• [Source data]:
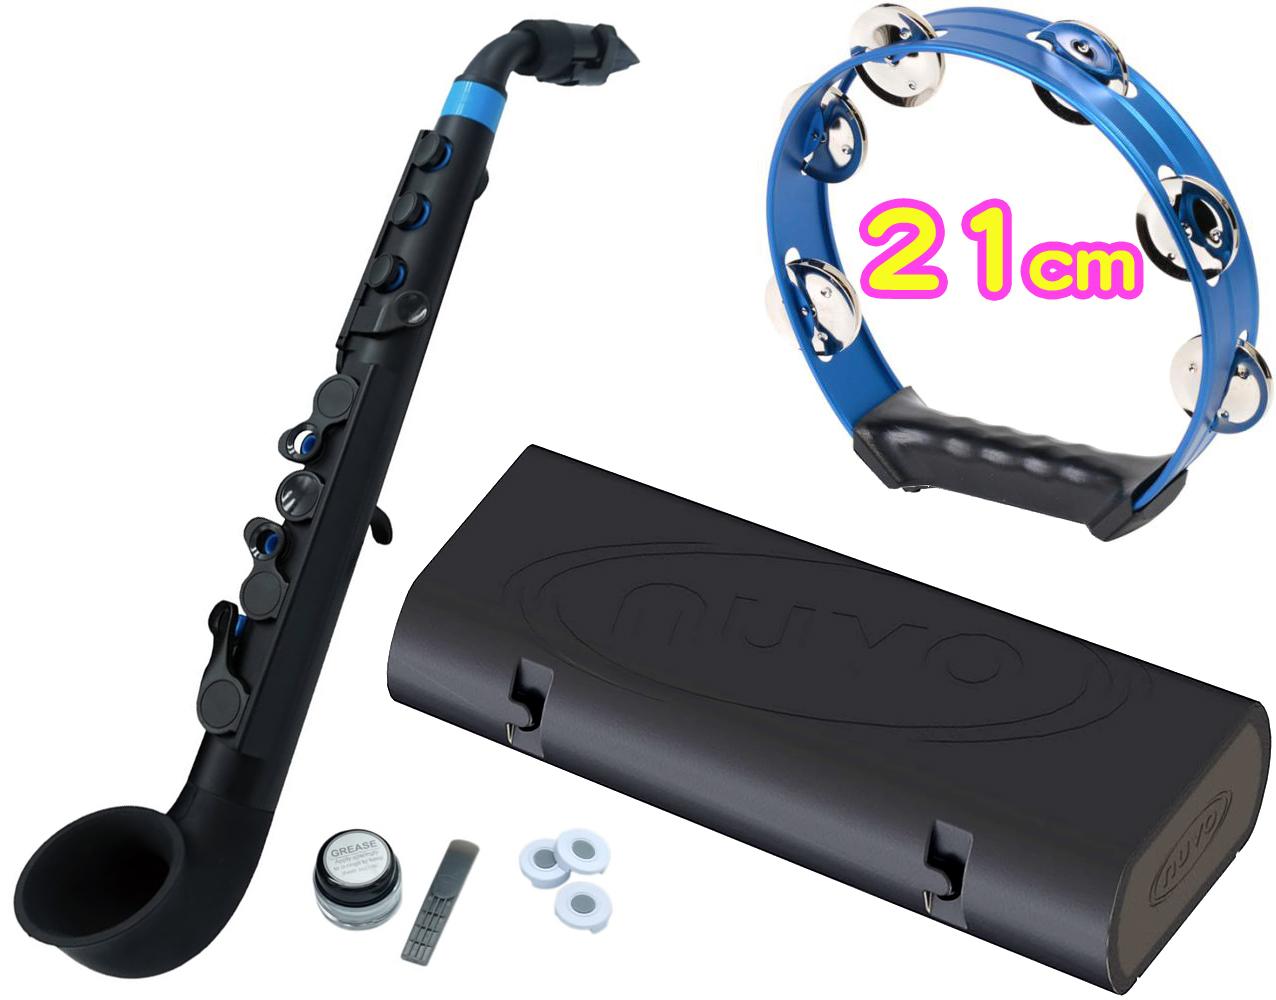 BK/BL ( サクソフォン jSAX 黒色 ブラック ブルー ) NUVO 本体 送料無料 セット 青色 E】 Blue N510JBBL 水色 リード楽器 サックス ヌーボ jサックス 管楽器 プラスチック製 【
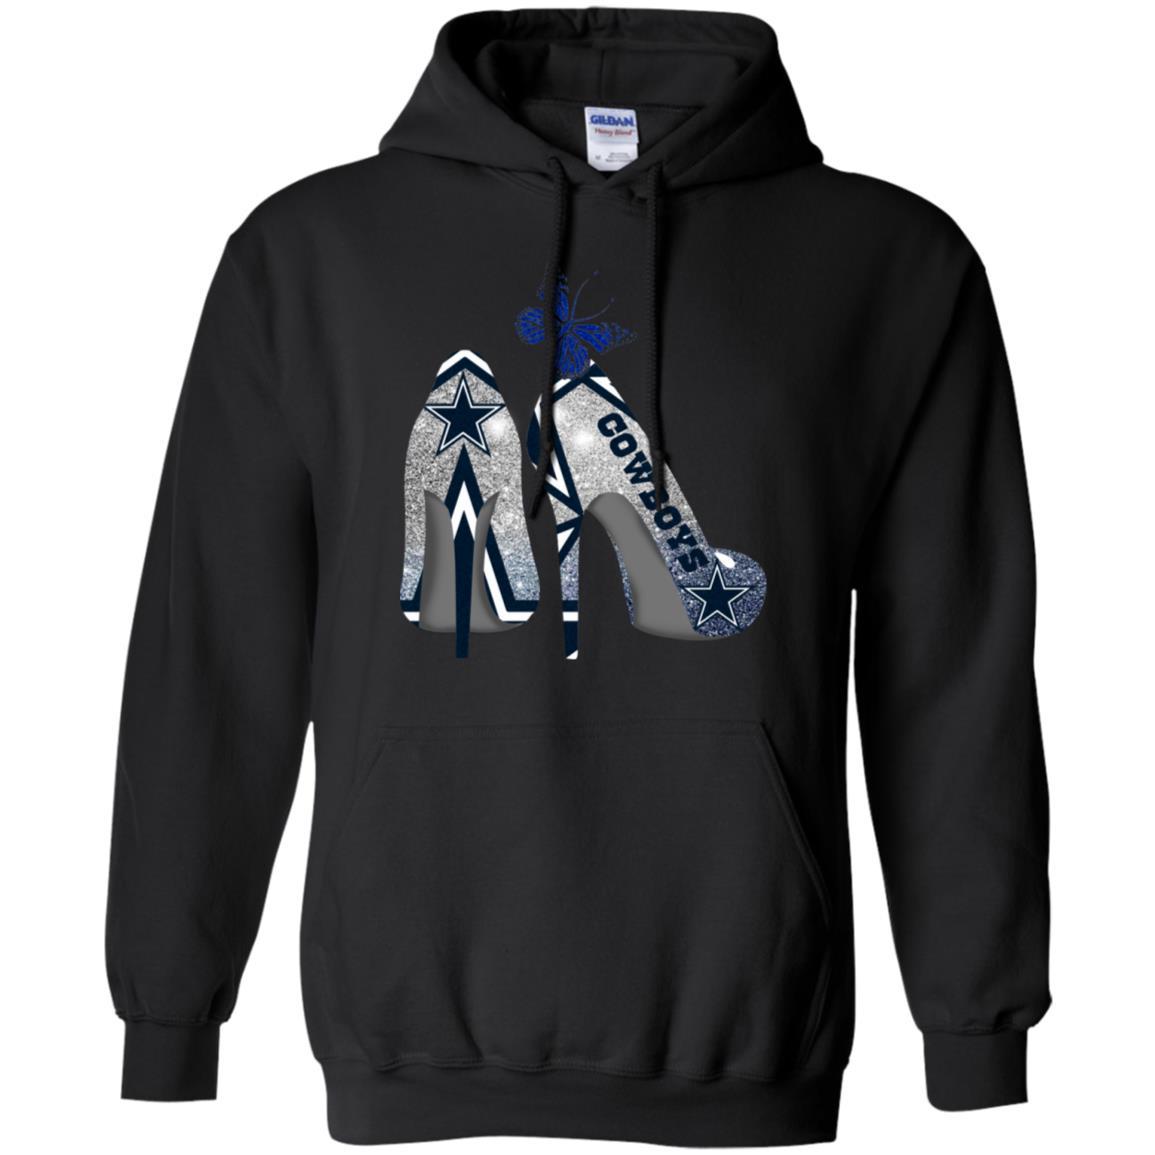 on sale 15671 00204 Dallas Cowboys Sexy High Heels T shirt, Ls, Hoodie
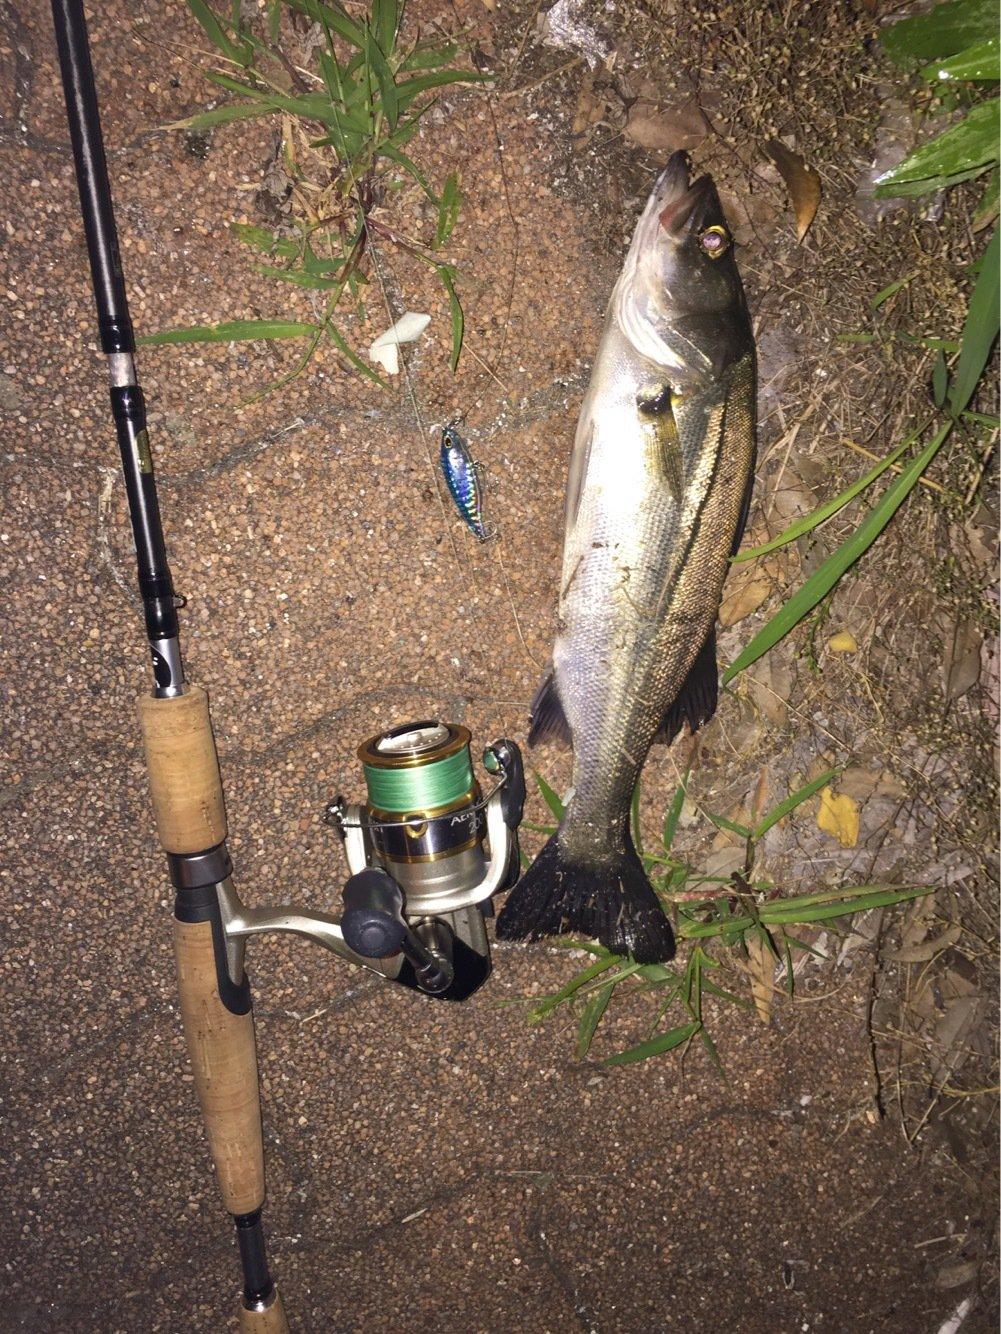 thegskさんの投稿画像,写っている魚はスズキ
...
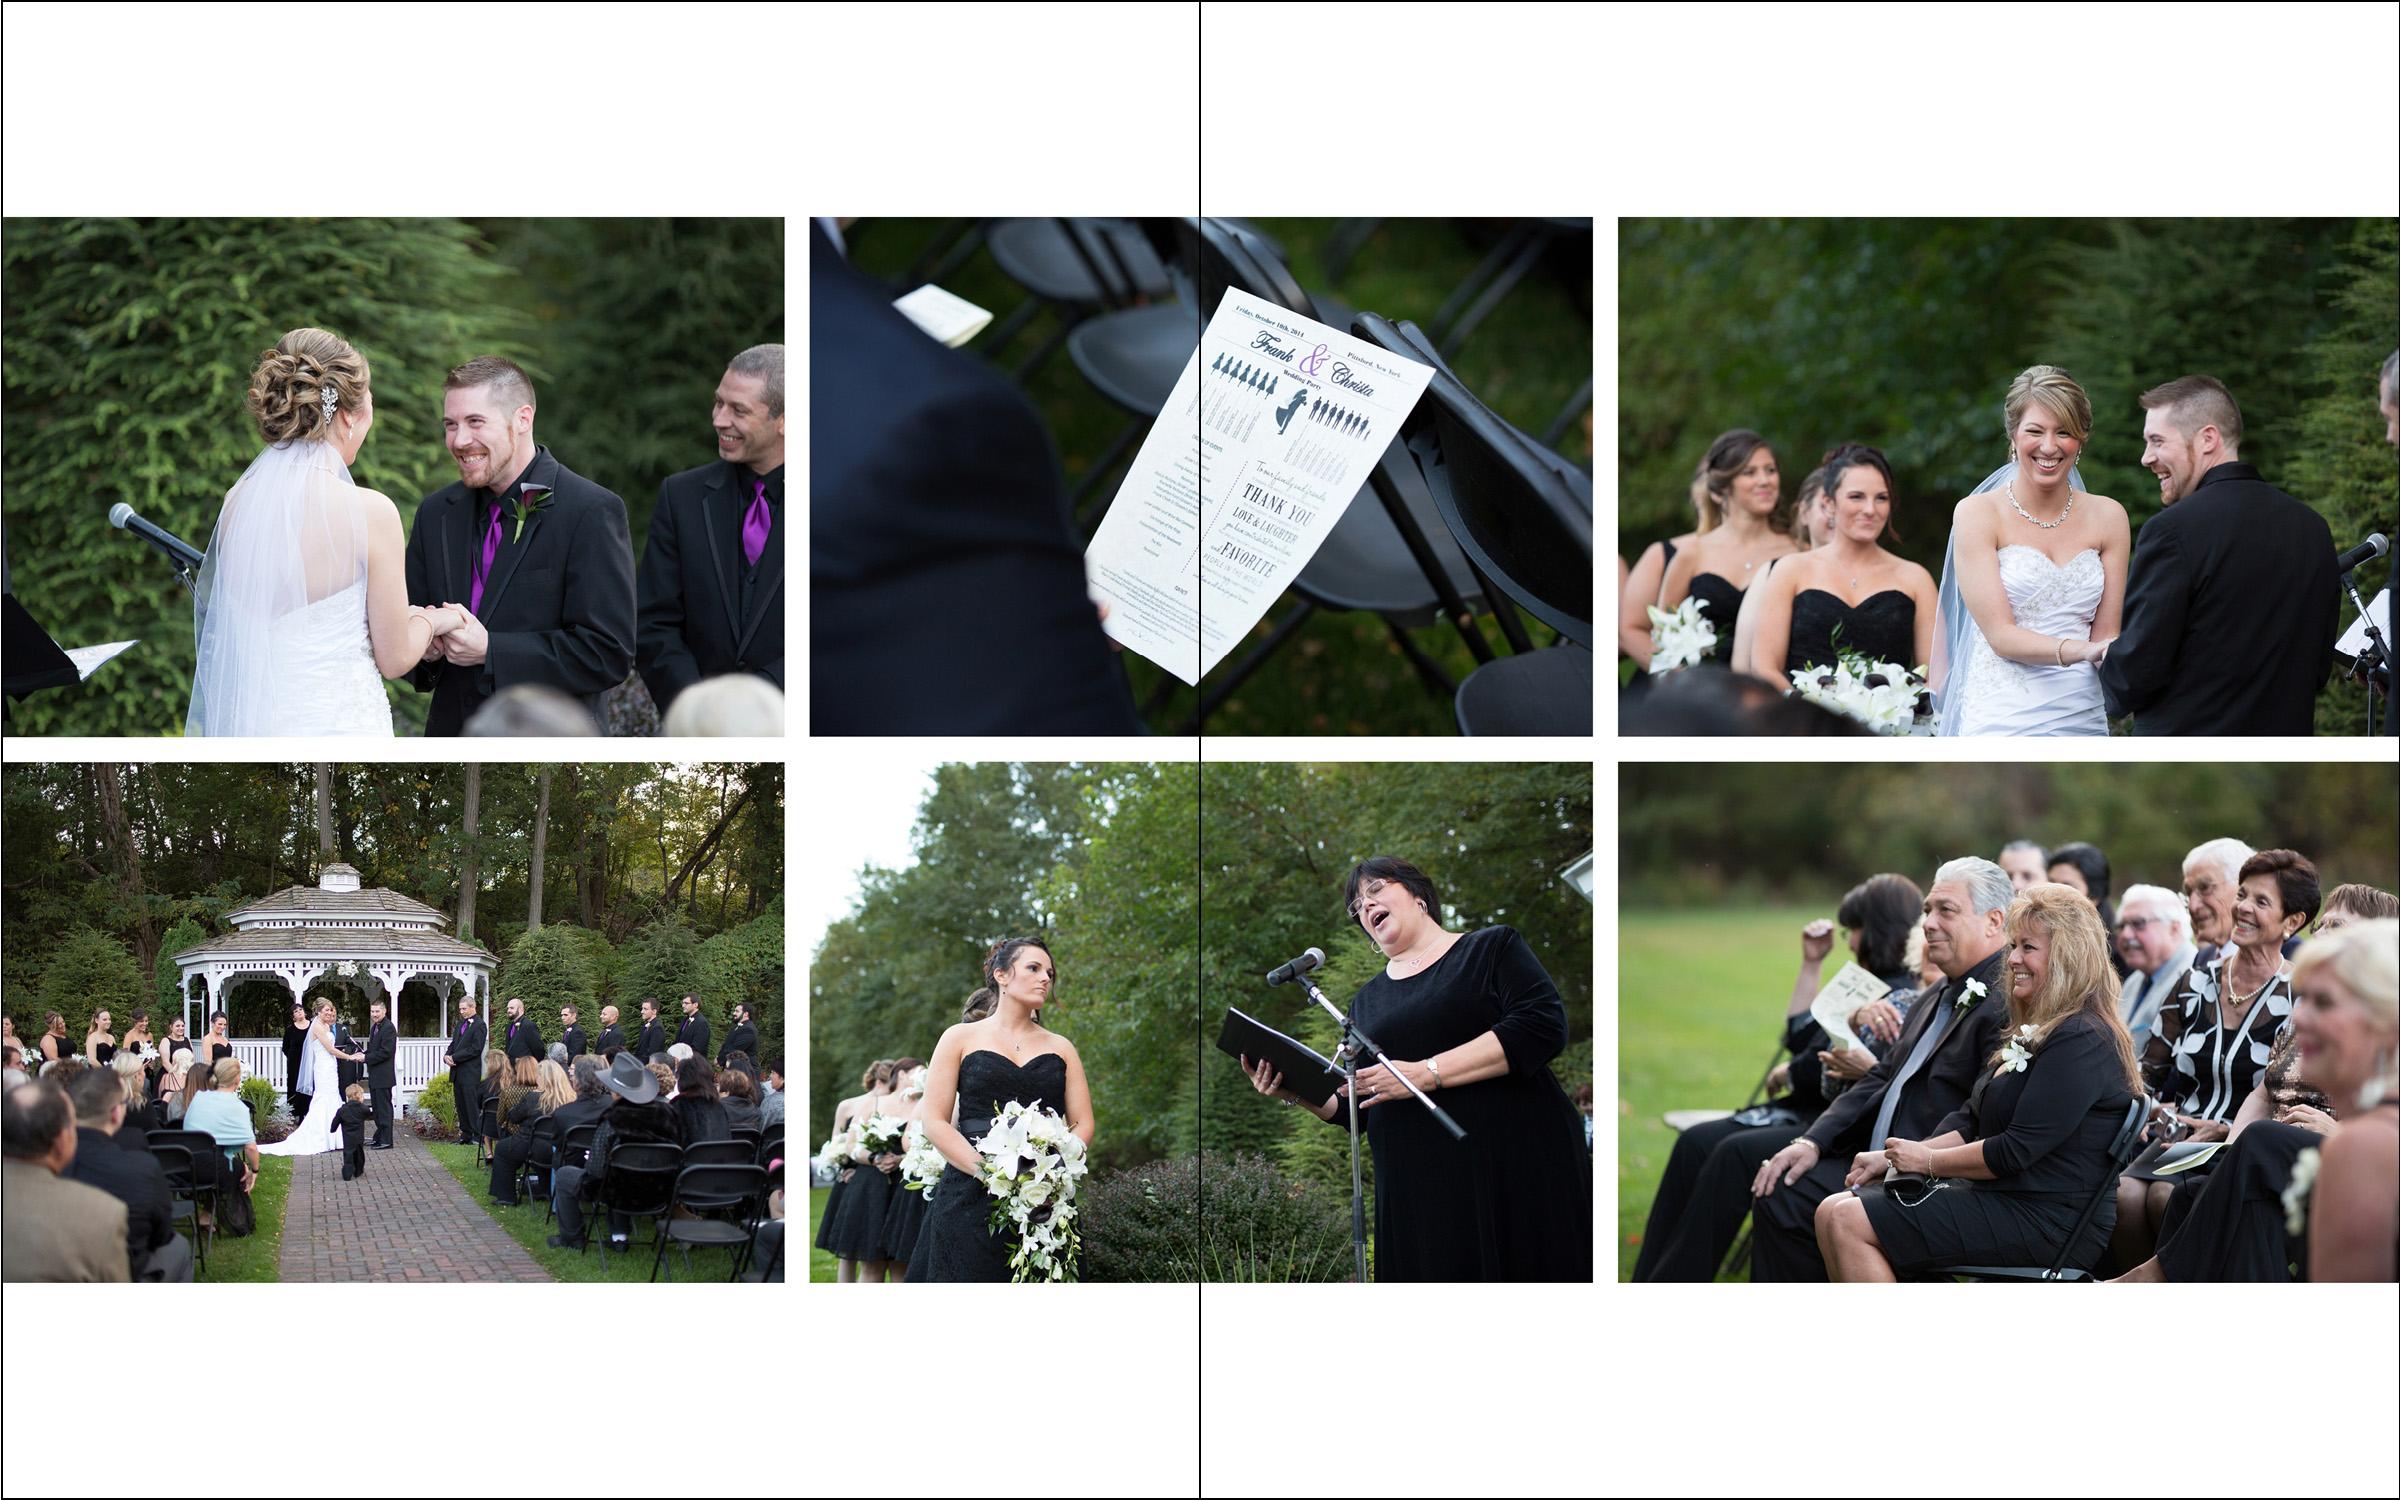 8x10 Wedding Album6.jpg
---
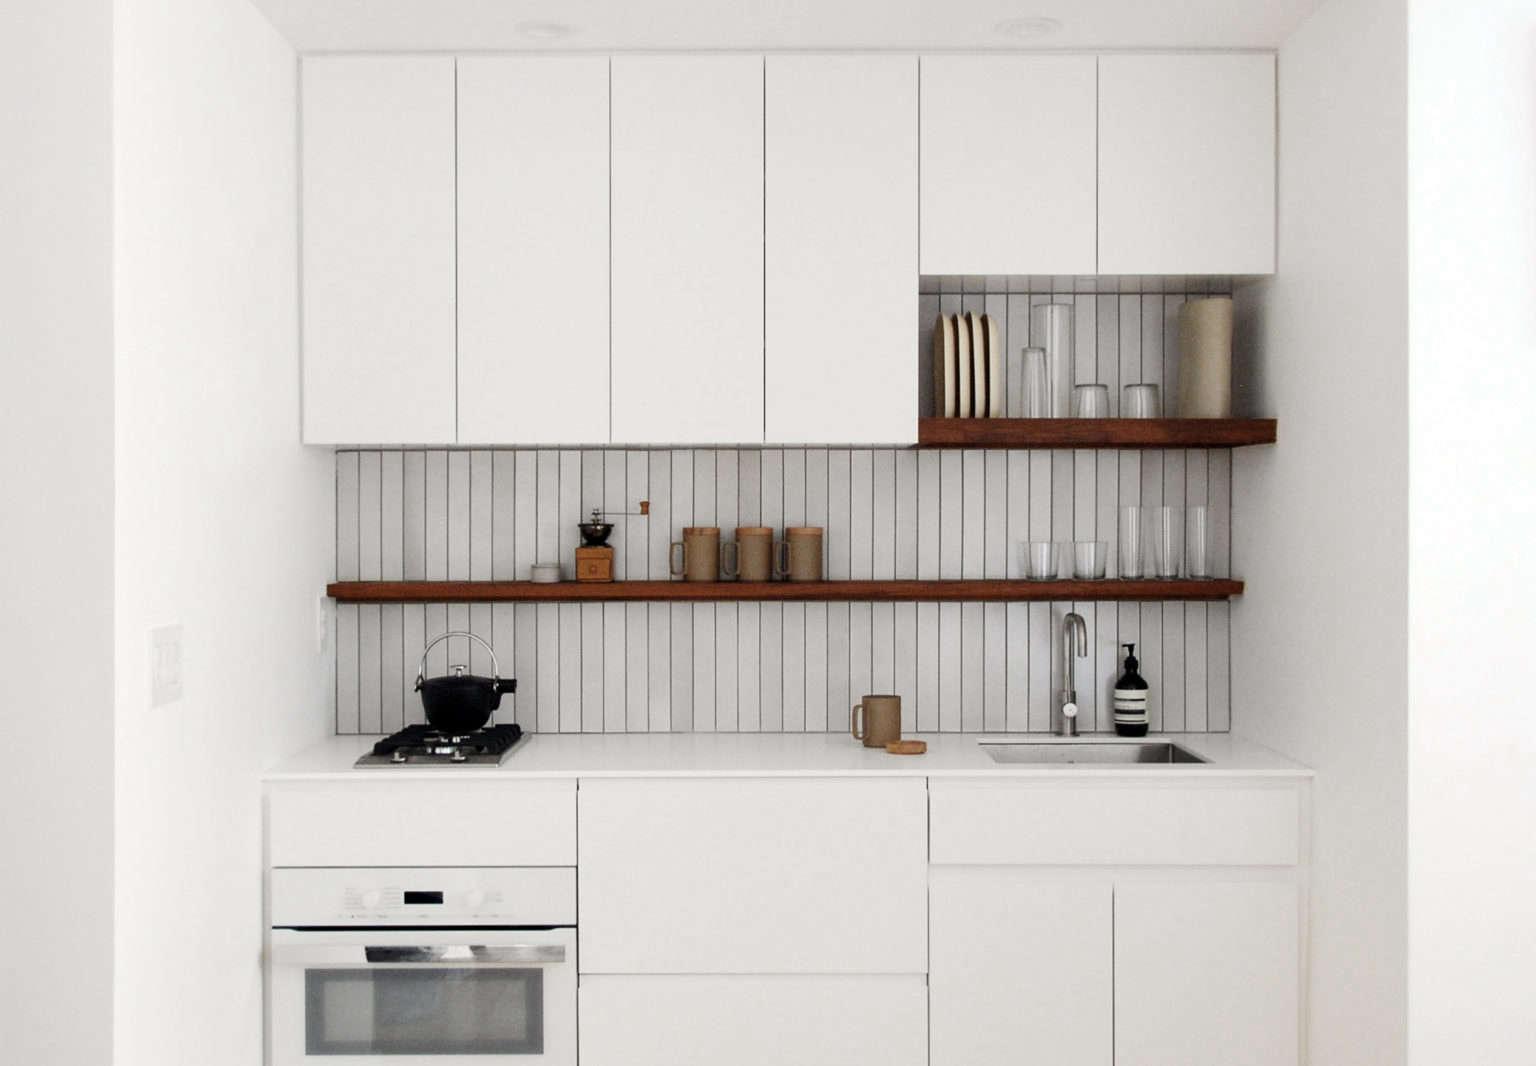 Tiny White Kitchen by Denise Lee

• [Problem statement]:
In the listing above, find the line with "BK/BL ( サクソフォン" and the line with "thegskさんの投稿画像,写っている魚はスズキ". Copy both of them and every line between, exactly, but not the pictures.

• [Answer to the exercise]:
 BK/BL ( サクソフォン jSAX 黒色 ブラック ブルー ) NUVO 本体 送料無料 セット 青色 E】 Blue N510JBBL 水色 リード楽器 サックス ヌーボ jサックス 管楽器 プラスチック製 【
 on sale 15671 00204 Dallas Cowboys Sexy High Heels T shirt, Ls, Hoodie
 thegskさんの投稿画像,写っている魚はスズキ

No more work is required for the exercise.